Participate--share your money and your time to be a part of this community event.  As an added bonus participants are invited to attend a reception at Claret Hall in River Hill between 1 p.m.- 4 p.m. and enjoy displays provided by Columbia Archives and information about Bridges to Housing Stability.

As if that weren't enough incentive, you can see me and some very cool Oakland Mills women as docents in one of this year's homes.  When I'm finished with my shift, I'm going here.


Wednesday, May 9, 2012

Under The Shining People Tree (reprint)

The following is reprinted from my post of May 26, 2011, on Columbia Patch.

I moved to Columbia in the late spring of 1999, on the verge of beginning a new life. I knew very little of Columbia except that it was planned, and that it was extremely easy to get lost here.

Since I continued to commute to Baltimore City for several more years, I was limited in my time and energy for exploring. I learned how to get to the grocery, the gas station, and the mall.

In 2003 I began to work for Columbia School Aged Services. As a part of my training, I attended an orientation session designed to impart both the history and philosophy of The Columbia Experience.
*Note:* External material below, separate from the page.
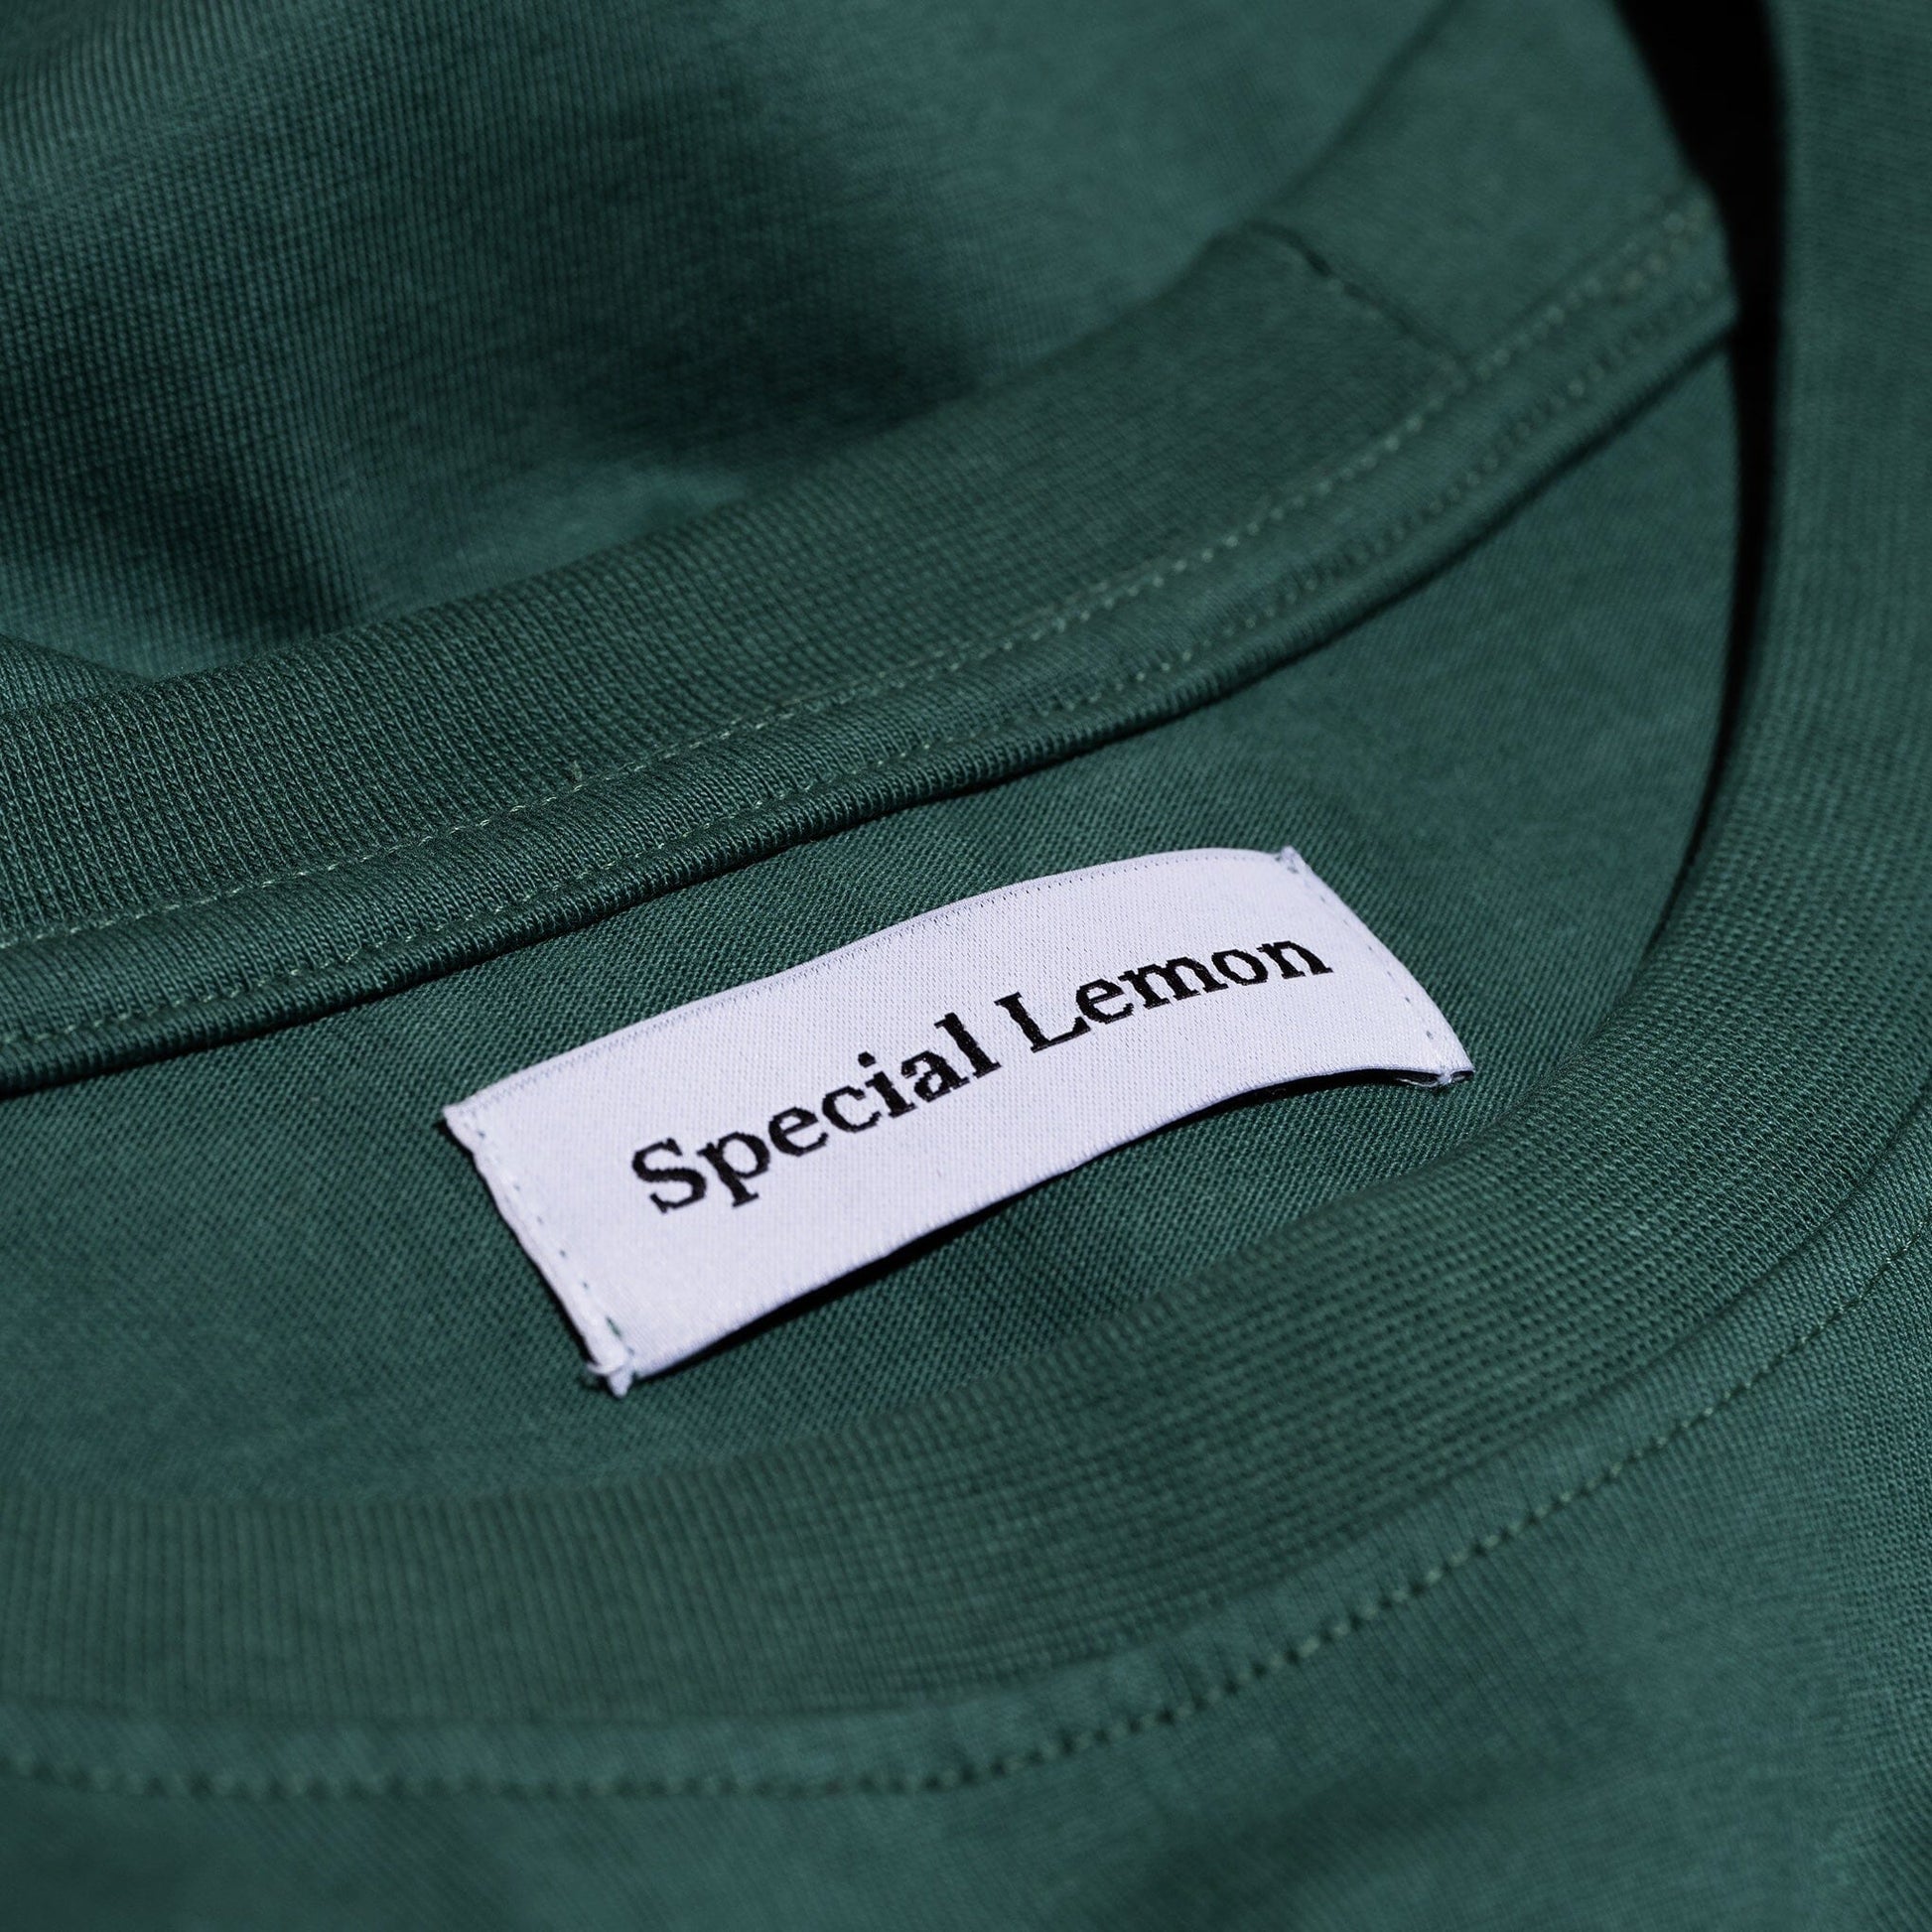 Special Lemon T-shirt - Green T-shirt Special Lemon

I was excited to explore my new land.

It didn’t go as well as I had hoped. Probably the worst occasion was when I dragged my family down to The Lakefront to see The People Tree, which I had learned was a symbol of all things Columbia. It was beautiful—there’s no denying that. The vista at the lakefront was lovely. And still. And barren.

There was no one there. It took on an incredibly creepy aura to me.

Little by little, I came to believe that Columbia was a beautiful experiment that had happened before I got here, and I had missed it. Like an awkward anecdote followed by, “I guess you had to be there.”

I hadn’t been there, I didn’t know what I was supposed to know, and I couldn’t afford the pools, the nice restaurants, the lovely gourmet stores, and the upscale arts events.

In the years since then something has changed: my decision to grow and evolve as a member of my village—Oakland Mills. Through participation in events, volunteering, serving on the board, and getting involved in community-based social media, I found my own way to put down roots.

As a celebration of this ongoing change, I decided to attend the first Lakefront Concert this year on May 11. Although the day was beautiful, I still had some trepidation about returning to the too-perfect atmosphere of The People Tree.

When I arrived, I felt cheered by the sound of bluegrass music and the sight of people on the lawn. I wandered around the edges of the event, trying to decide whether to stay.

And then I saw it: a plaque honoring the first class of Columbia children to start in kindergarten and graduate from high school. I scanned the names, wondering if any of these people had stayed to continue The Grand Experiment, or if they had flown the New Town Nest. As I was turning away, one name caught me: Timothy J. Lea.

This is what I know about Timothy J. Lea: He is a warm, hospitable man, and a great dad. He is welcoming, unassuming, and—wait for it—he’s still here, raising his kids in Hickory Ridge.

I don’t know why that meant so much to me, but it did. I turned again to survey the scene and felt for the first time since 1999 that this was my Columbia, too.

At that moment I spied a friend on the hill, who raised a hand in greeting.

I will be headed down to catch Damon Foreman today, weather permitting. Maybe I will see you there.